After the primary TW 12 analysis of the MK-5172 arms in the Vanguard cohort, patients receiving the 400 mg and 800 mg doses in the Second Cohort were down-dosed due to elevated liver transaminases and began to receive 100 mg in an open-label fashion between weeks 3 and 12 of MK-5172 therapy.
Current Status of Study
All patients in both cohorts of the study (termed the Combined Cohort when analyzed together) have reached the primary endpoint of the study, cEVR, or have discontinued early. cEVR values reflect both those patients with both undetectable (TND) and detectable unquantifiable (TD(u)) HCV RNA. In the Second Cohort, 134 of 156 patients randomized into the MK-5172 arms are receiving PR (n=17) or are in the follow-up phase (n=117) of the study. All patients in the Vanguard Cohort who received MK-5172 are in the follow-up phase of the study or have discontinued early.
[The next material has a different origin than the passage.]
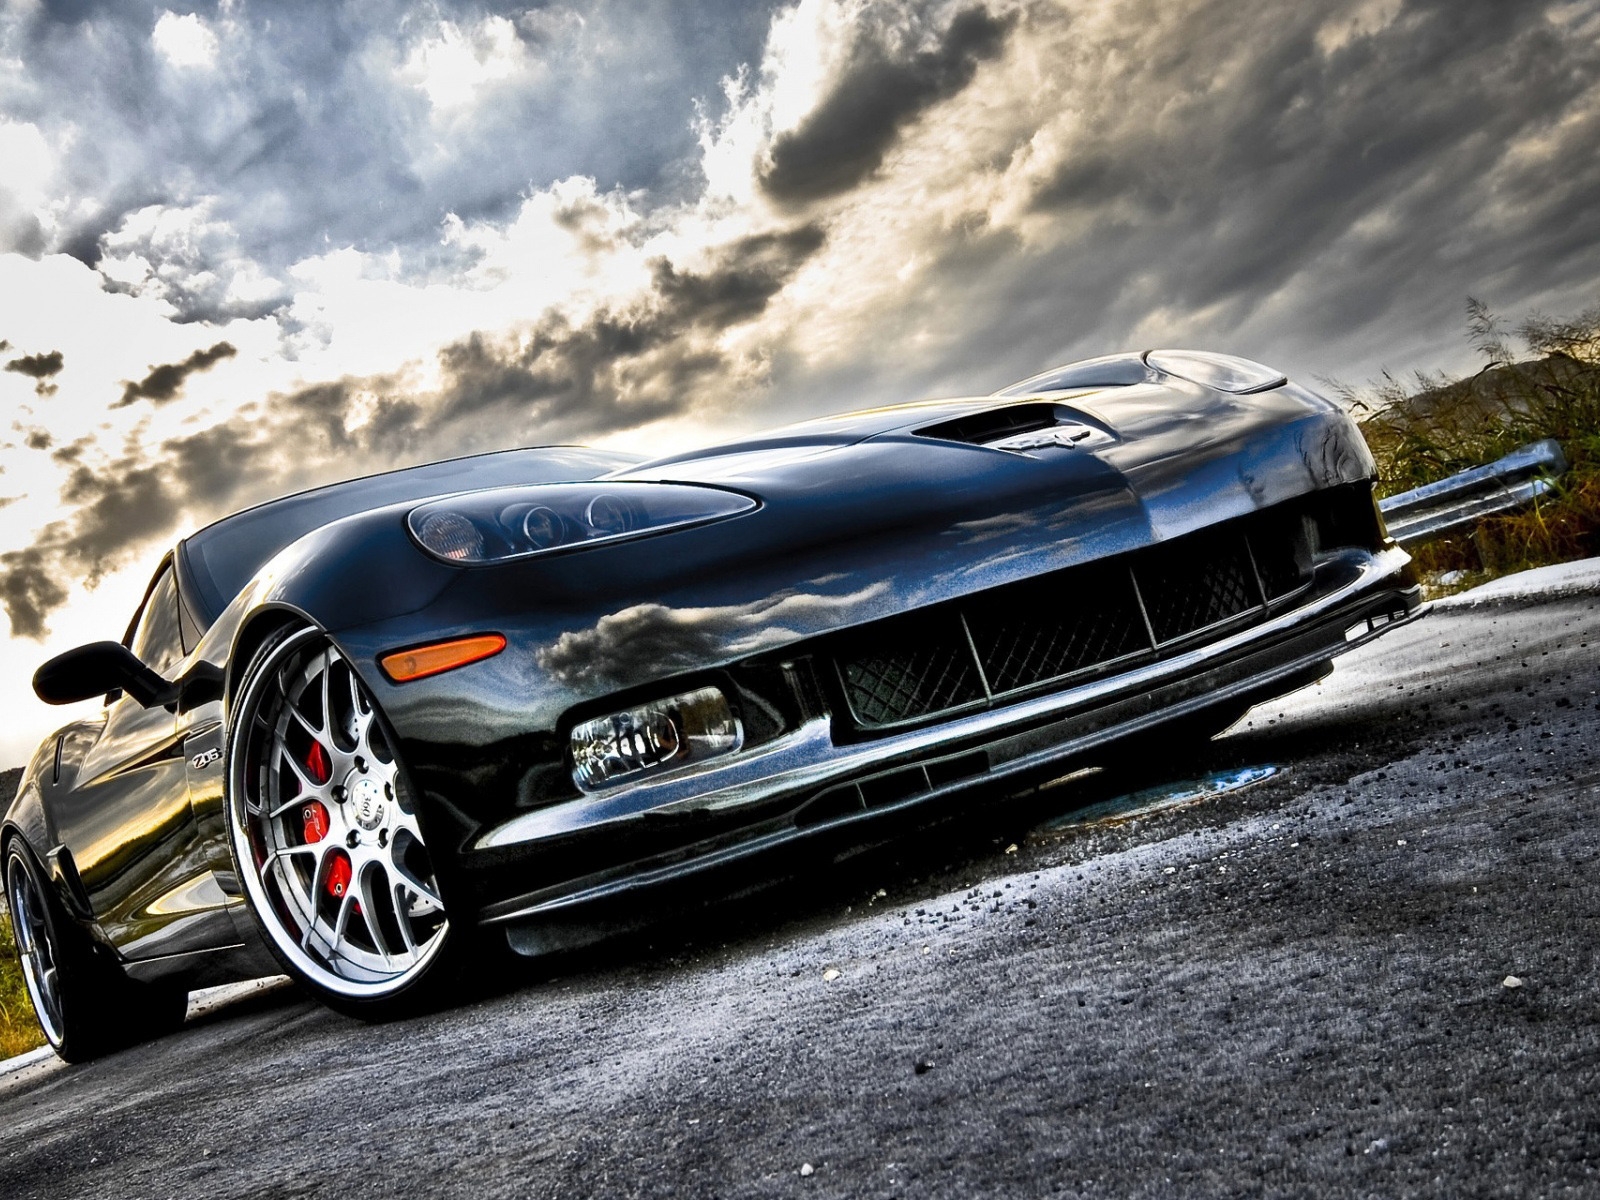 Corvette Super Sport Front Angle for 1600 x 1200 resolution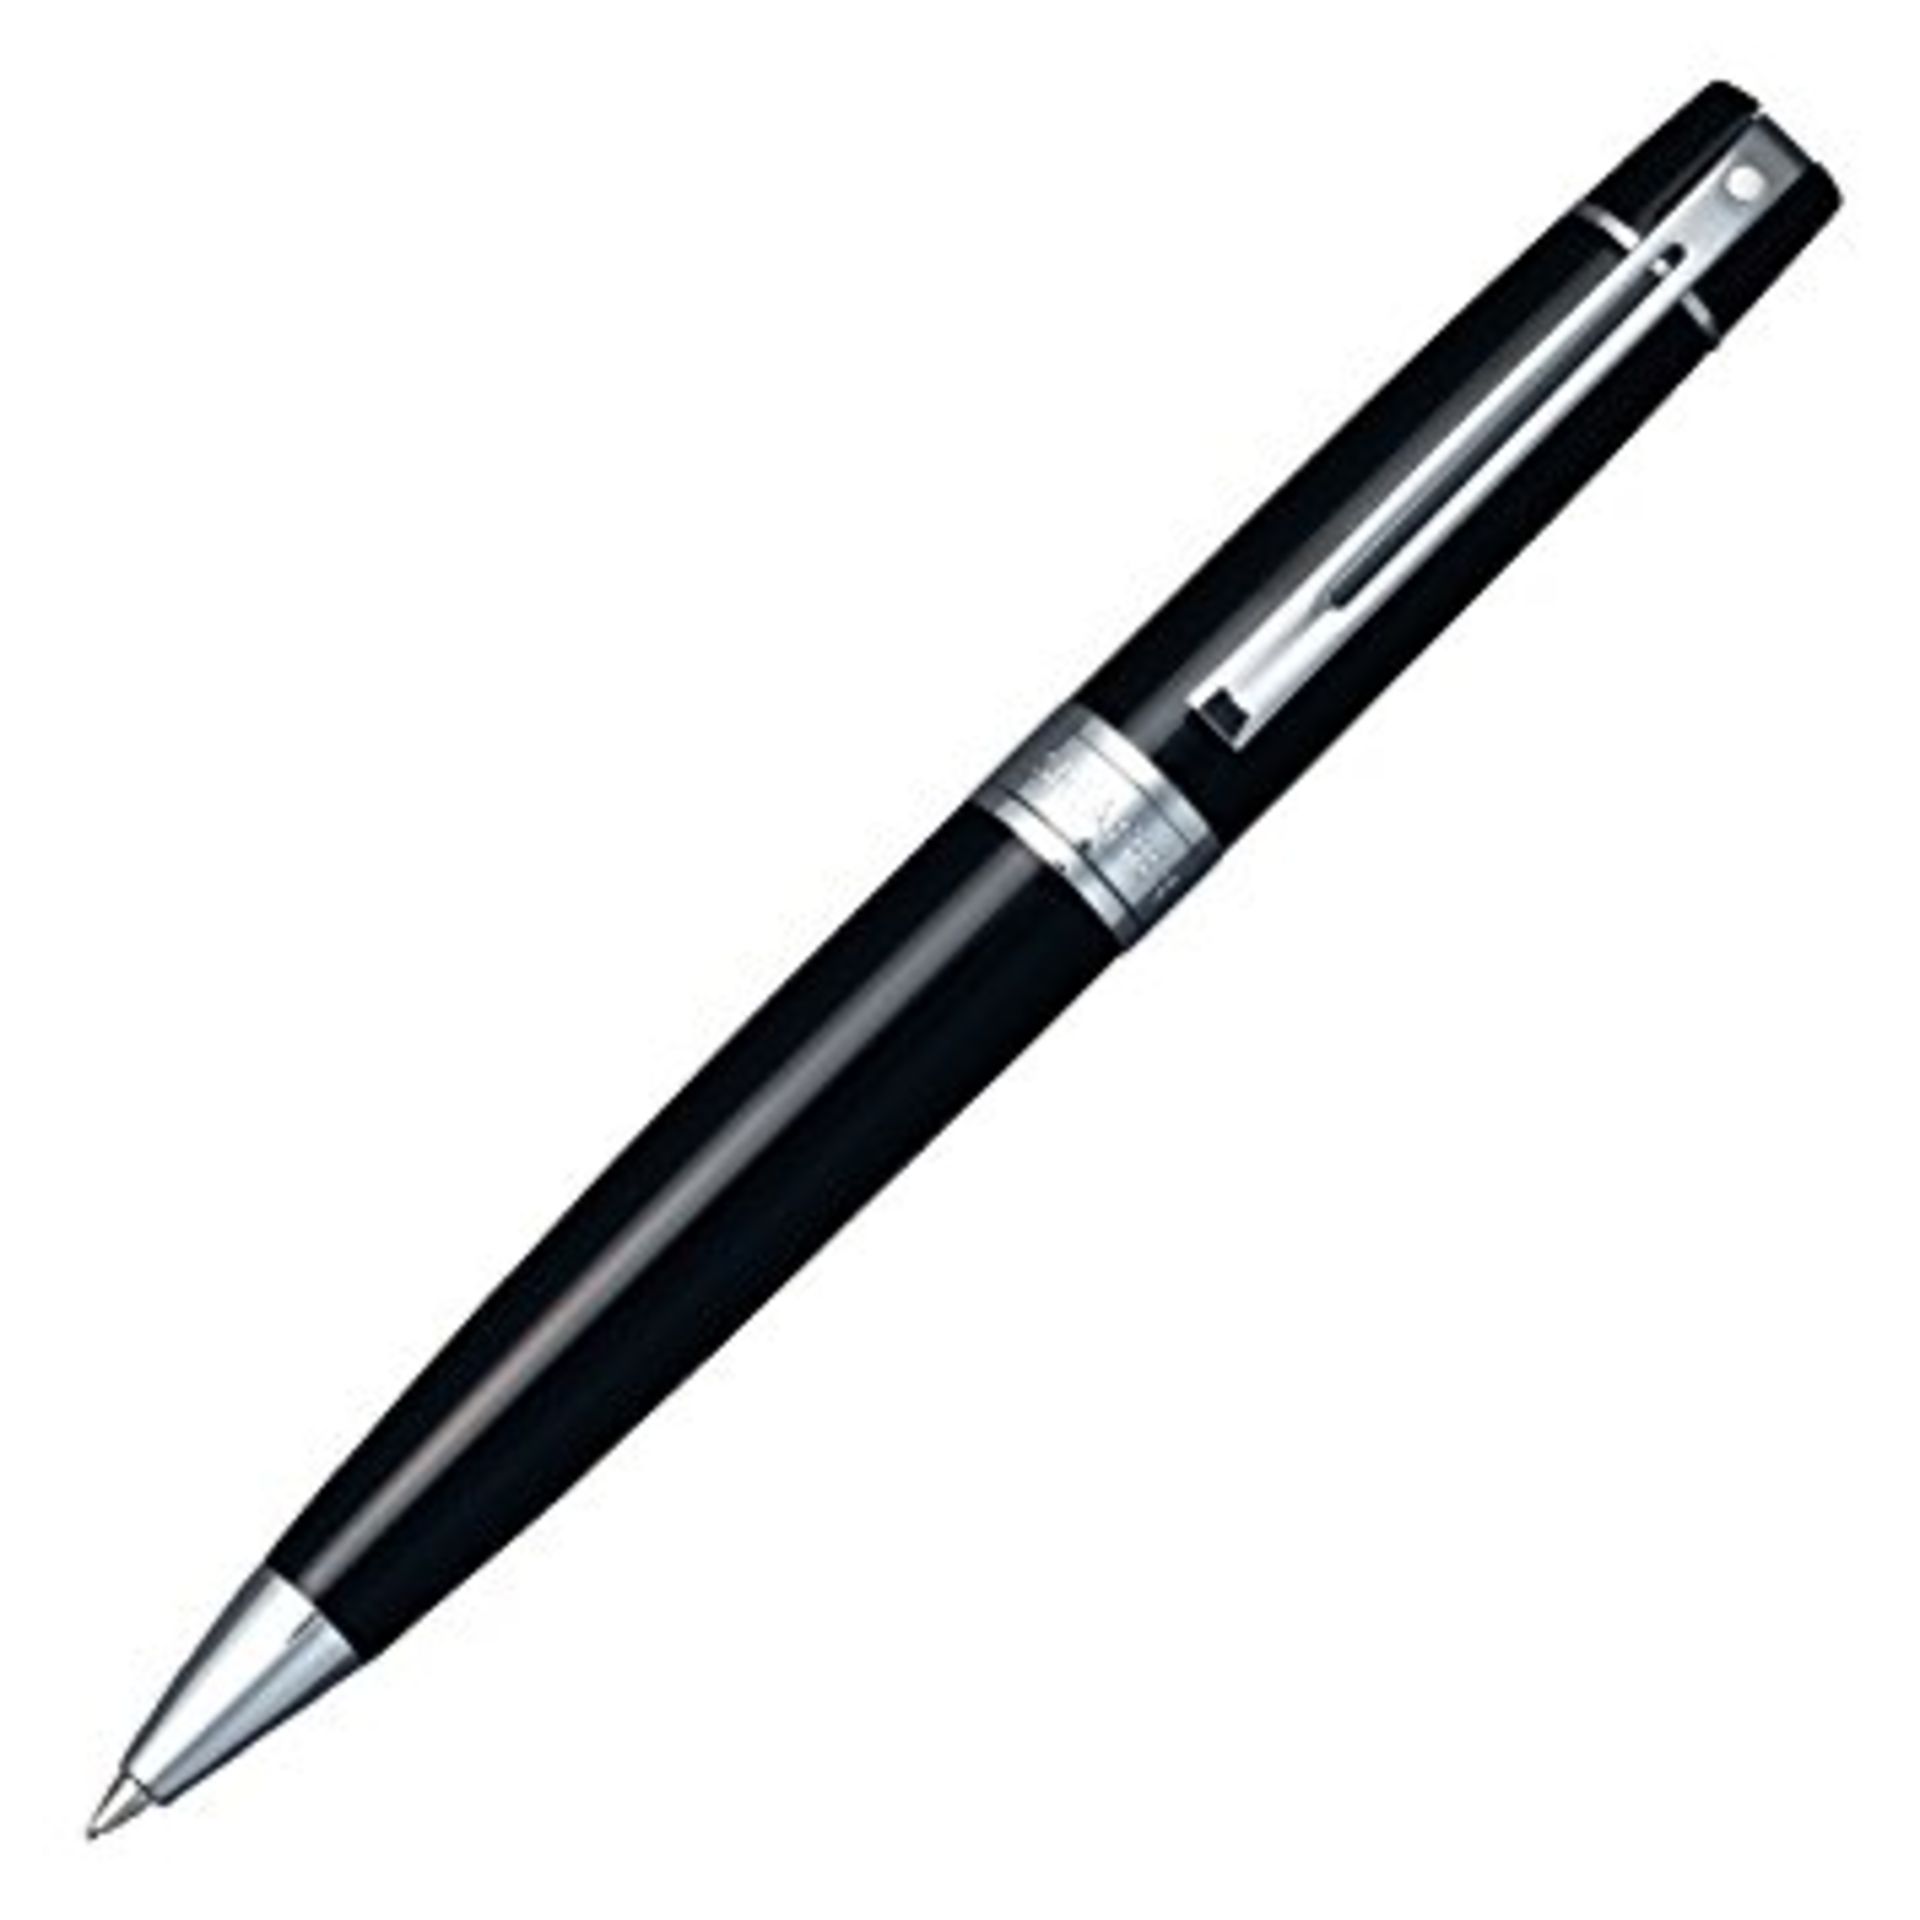 V Brand New Sheaffer Matte Black Cap & Barrel Pencil In Case

Of the patients randomized to the MK-5172 arms, 2.3 percent (6/266) met the protocol-defined criteria for virologic failure: one (1) patient was re-infected with genotype 3 infection; and four patients had no detectable (n=3) or low (n=1) levels of MK-5172 at time of failure and for a period of time prior. The primary efficacy analysis included the full analysis set (FAS) of all randomized patients who received at least one dose of study treatment.SVR12 Results in the Vanguard Cohort In the Vanguard Cohort, higher SVR12 rates were achieved across all MK-5172 arms compared to control (FAS) – 96.2 percent (25/26) in the MK-5172 100 mg arm; 86.7 percent (26/30) in the MK-5172 200 mg arm; 87.0 percent (20/23) in the MK-5172 400 mg arm; and 81.5 percent (22/27) in the MK-5172 800 mg arm; versus 54.2 percent (13/24) in the control arm. In these results, all patients had undetectable (TND) HCV RNA.